Each evaluation returns a structured verdict:

{
"criteria": [
{
"criterion": "Functions should follow SRP",
"verdict": "pass",
"confidence": 0.95,
"reasoning": "All 3 functions in the diff handle a single responsibility"
},
{
"criterion": "Error handling should use specific types",
"verdict": "fail",
"confidence": 0.88,
"reasoning": "Line 45 uses a generic catch-all: catch(err) { throw err }"
}
],
"overall": "fail",
"summary": "1 of 2 criteria failed",
"model": "gemini-2.5-flash",
"tokensUsed": 1250,
"durationMs": 1800
}

Threshold Logic

The aiJudgeThreshold determines what pass rate is required:

  • 1.0 (default) — all criteria must pass
  • 0.8 — 80% of criteria must pass
  • 0.5 — majority must pass

Confidence Routing

Each criterion includes a confidence score (0.0 to 1.0). If any criterion's confidence falls below aiJudgeConfidenceThreshold:

  • The run is automatically routed to human approval
  • This happens regardless of the gate's normal approval configuration

AI Judge → Approval Routing

AI Judge integrates with the approval system in three ways:

1. Low Confidence → Auto-Review

When any criterion has confidence below aiJudgeConfidenceThreshold, the run is routed to human approval automatically.

2. On Fail → Review

Set aiJudgeOnFail: "review" to route failures to human approval instead of hard-rejecting:

{
"aiJudgeOnFail": "review"
}

This is useful when AI Judge catches potential issues but you want a human to make the final call.

3. Verdict in Approval Expressions

The AI Judge verdict is available in approval condition expressions as aiJudge:

// Route to approval when AI Judge fails
aiJudge.overall === 'fail'

// Route when any criterion has low confidence
aiJudge.criteria.some(c => c.confidence < 0.8)

// Combine with payload business logic
amount > 10000 || aiJudge.overall === 'fail'

// Route only when a specific criterion fails
aiJudge.criteria.some(c => c.criterion.includes('security') && c.verdict === 'fail')

Sync vs Async Execution

Default: Synchronous. The caller submits a payload and gets the full verdict (schema + rules + AI Judge) in a single HTTP response. Typical latency: 2-7 seconds total.

Opt-in: Asynchronous. Add ?async=true to return immediately:

# Sync (default) — waits for full verdict
POST /api/flow/gates/:id/runs

# Async — returns immediately with status: 'ai_judging'
POST /api/flow/gates/:id/runs?async=true

When async, poll GET /api/flow/runs/:runId for the verdict, or configure a webhook delivery channel to receive results automatically.


Pricing

AI Judge is available on paid tiers.

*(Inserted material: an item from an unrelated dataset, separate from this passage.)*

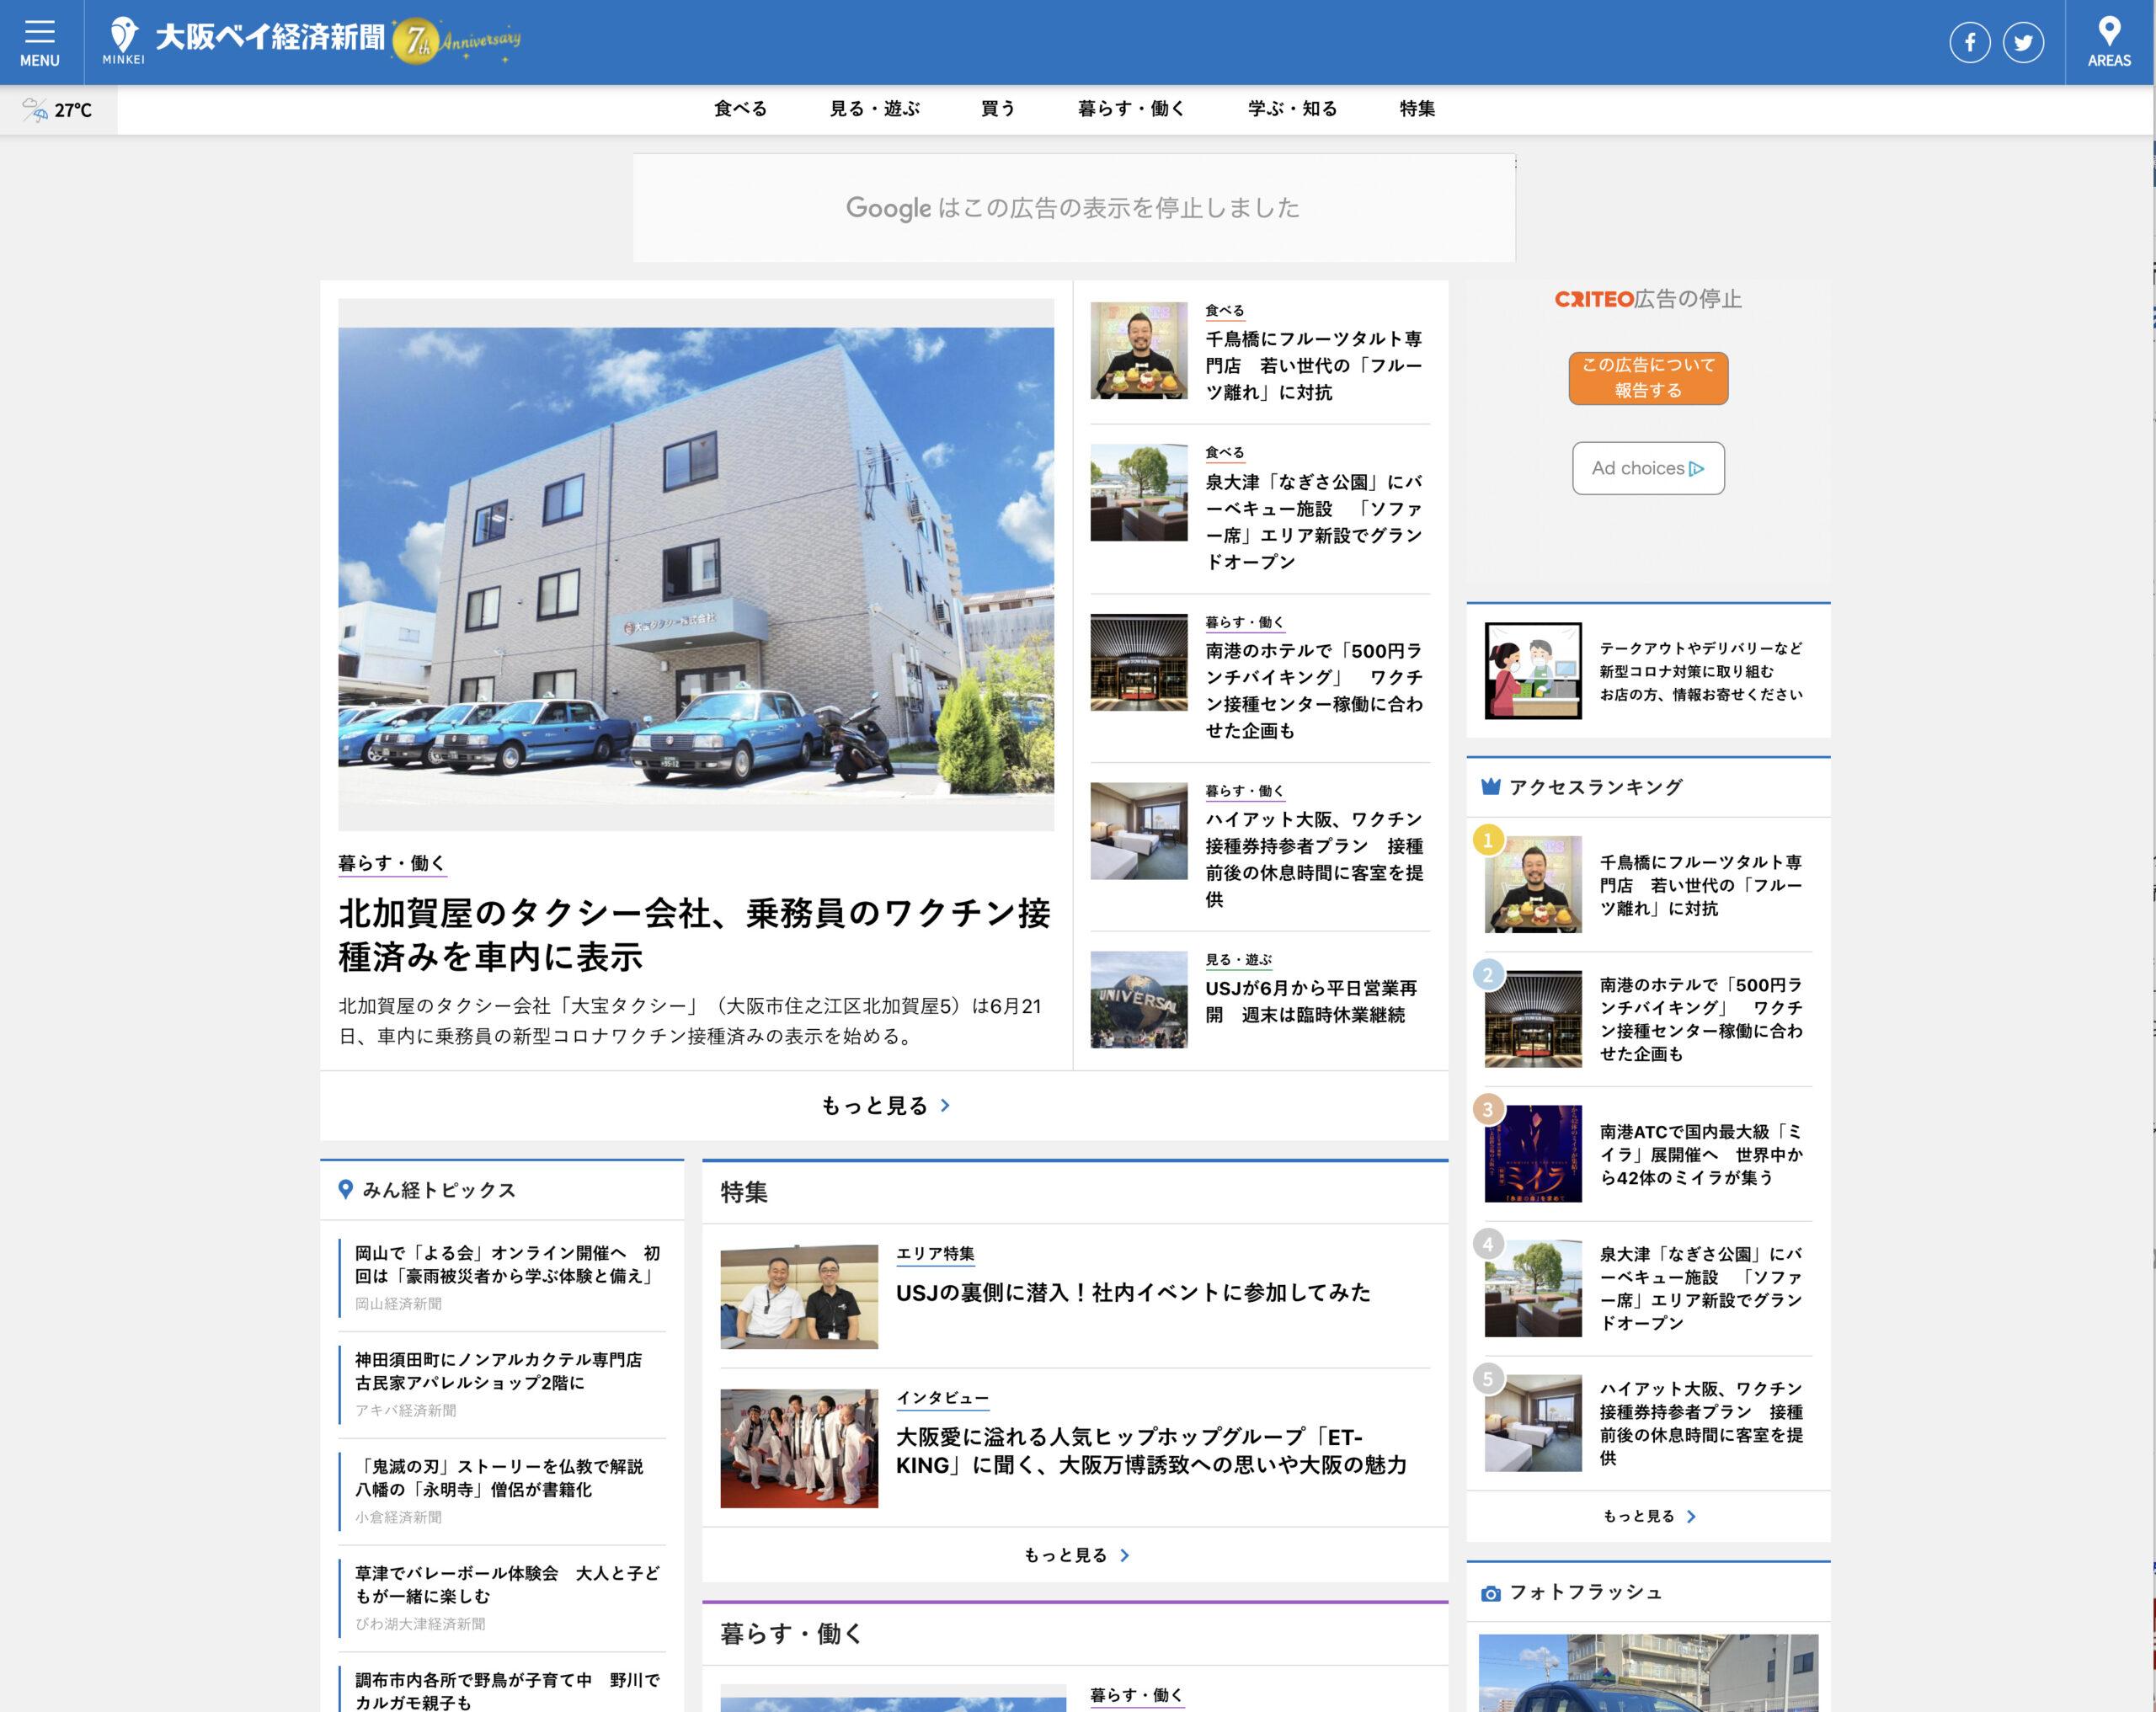 大阪ベイ経済新聞のトップニュースに掲載されました
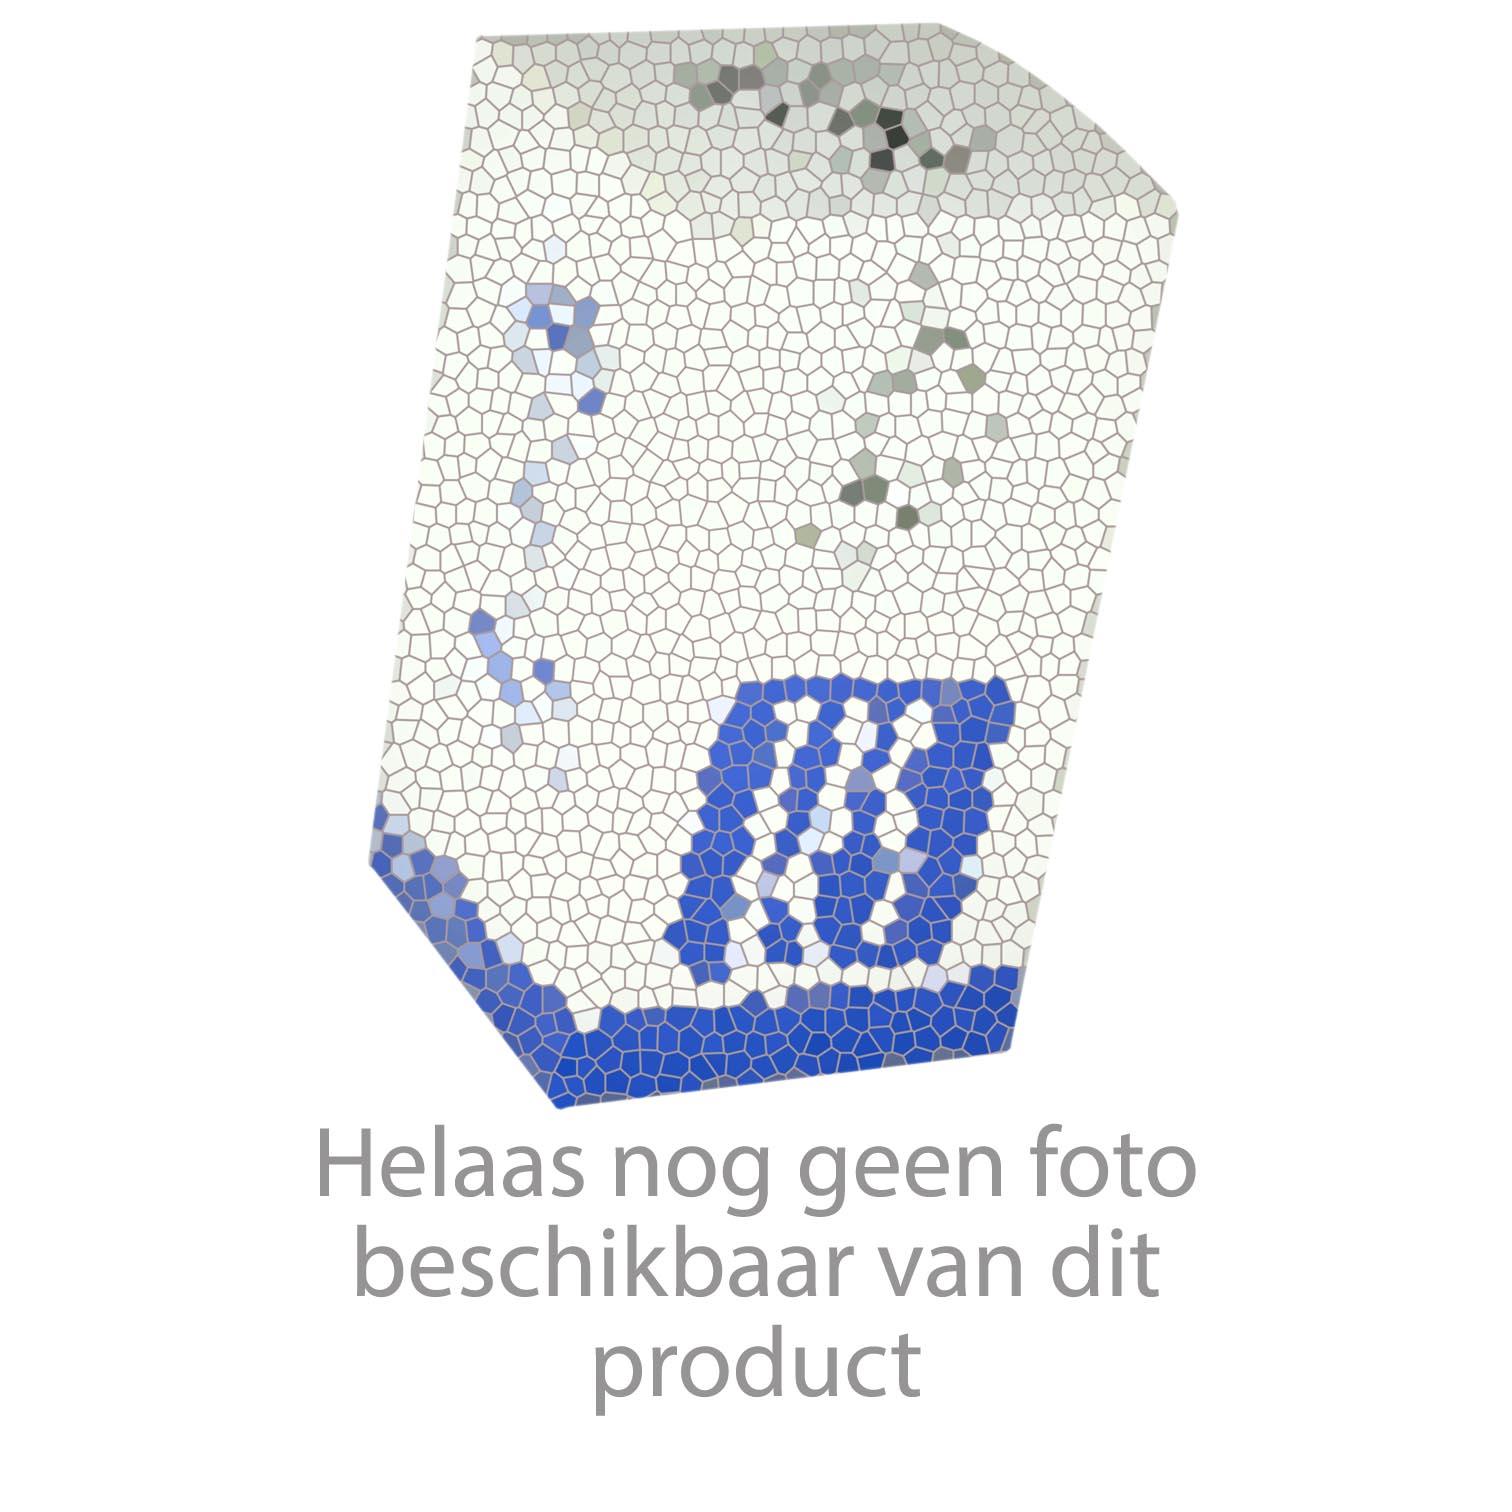 Geberit Gis-easy wc-element H120 met reservoir UP 320 120x60-95cm met frontbediening

Each evaluation consumes run credits at a 5x multiplier.

TierAI Judge Evaluations/monthMax Criteria per Gate
Free
Starter ($29/mo)50010
Growth ($99/mo)5,00020
Scale ($349/mo)25,00050
No LLM API keys needed

AI Judge runs server-side on Rynko's infrastructure using optimized models. You don't need to configure any LLM API keys.


Use Cases

Code Review

Combine deterministic tools (ESLint, tests, coverage) with AI Judge for architectural quality:

Deterministic rules: lint.errors === 0, tests.failed === 0, coverage >= 80
AI Judge criteria: "Functions should follow SRP", "Error handling should use specific types"

Content Moderation

Validate AI-generated content before publishing:

AI Judge criteria:
- "Content should be professional and appropriate for a business audience"
- "No personally identifiable information in public-facing text"
- "Tone should be helpful and constructive"

Contract Analysis

Check AI-extracted contract terms against legal requirements:

AI Judge criteria:
- "Contract must include an indemnification clause"
- "Payment terms should not exceed 90 days"
- "Non-compete scope must be limited to 12 months"

Security

AI Judge includes defense-in-depth against prompt injection:

  1. Prompt hardening — evaluation rules and security constraints are non-negotiable system instructions
  2. Input sanitization — persona, domain context, and criteria are stripped of common injection patterns
  3. Output sanitization — only the expected JSON structure is extracted from the LLM response
  4. Provider constraints — the LLM has no tools, no browsing, no code execution

The AI Judge is an evaluator only — it cannot take actions, access external systems, or modify data.